The village area of St Peter's, Broadstairs, will be populated by costumed characters, bringing their community's history to life in a guided walk that is positively covered in awards. This summer, The Queen's Award for Voluntary Service joined the extraordinary accolade late last year when the Tour was highly commended in Virgin Holidays' search for the world's most responsible tourist destination - finishing behind only New Zealand!

Other towns welcoming visitors for guided walks include Cranbrook, Tonbridge (where you can take the Jane Austen Walk) andneighbouring Southborough.

Kent has an important and fascinating ecclesiastical history. Sites from the medieval period welcoming visitors for Heritage Open Days include 12th-century St Radigund's Abbey, Dover, and Eastbridge Hospital, Canterbury. The Hospital was not a medical facility as we would understand the term today, but provided guest accommodation for the Canterbury pilgrims.

Dating from the 13th century is the chapel of the first English Franciscan friary: Greyfriars, Canterbury, constructed in 1267, during the lifetime of the founder of the order Francis of Assisi. The Franciscan brothers were banished by Henry VIII in 1538 but since 2003, have once again been worshipping in the friary chapel.

A number of medieval churches across the county are opening their doors to visitors.
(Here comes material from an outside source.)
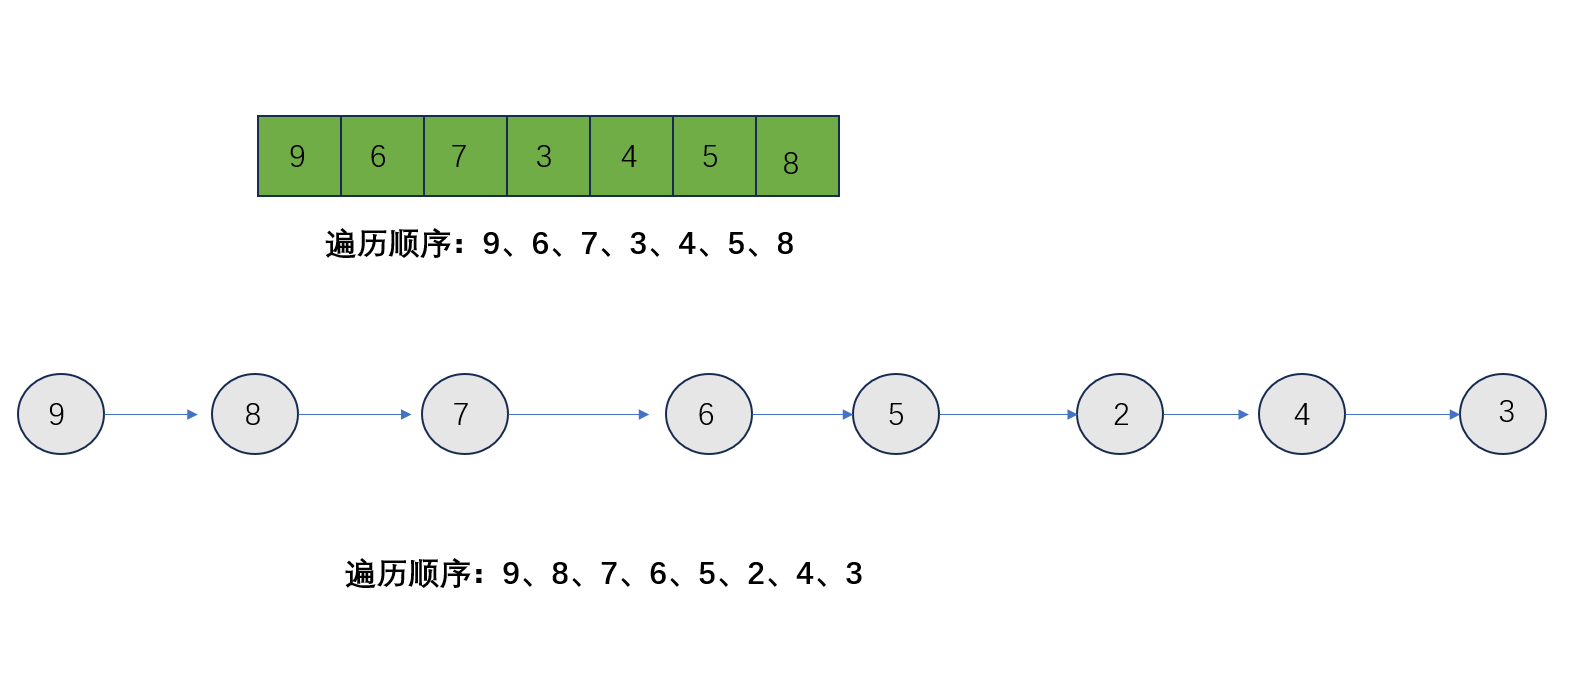                                             数据结构之二叉树的遍历1(Java)_中序遍历

Do not miss the opportunity to enjoy their historic architecture, particularly the medieval wall paintings at St Margaret's Darenth and at St Thomas à Becket in Capel, near Tonbridge.

Perhaps the most remarkable examples of modern ecclesiastical art in Kent are the late-20th century stained glass windows by Marc Chagall at All Saints Tudeley - the only church to have a complete set of Chagall windows. These stunning designs, with bold colours and intriguing images, were commissioned as a memorial to Sarah D'Avigdor Goldsmid, whose former family home, the Jacobean mansion at nearby Somerhill, also welcomes visitors for Heritage Open Days.

The Old Synagogue at Canterbury will also open. Built in 1847, it was a synagogue until the 1930s and has been recently restored by its current owners, King's School. In Southborough, near Tunbridge Wells, Salomons, home of Sir David Salomons, the first Jewish Lord Mayor of London, provides guided tours for visitors.

Sir David was a noted campaigner for the rights of practising Jews to participate in public life. The museum includes a seat from the House of Commons - the very seat from which Sir David was ejected when he refused to take a Christian oath.

So, in the programme there is bound to be something of interest to almost everyone. Do check opening times and take the opportunity to extend your understanding and appreciation of Kent's heritage.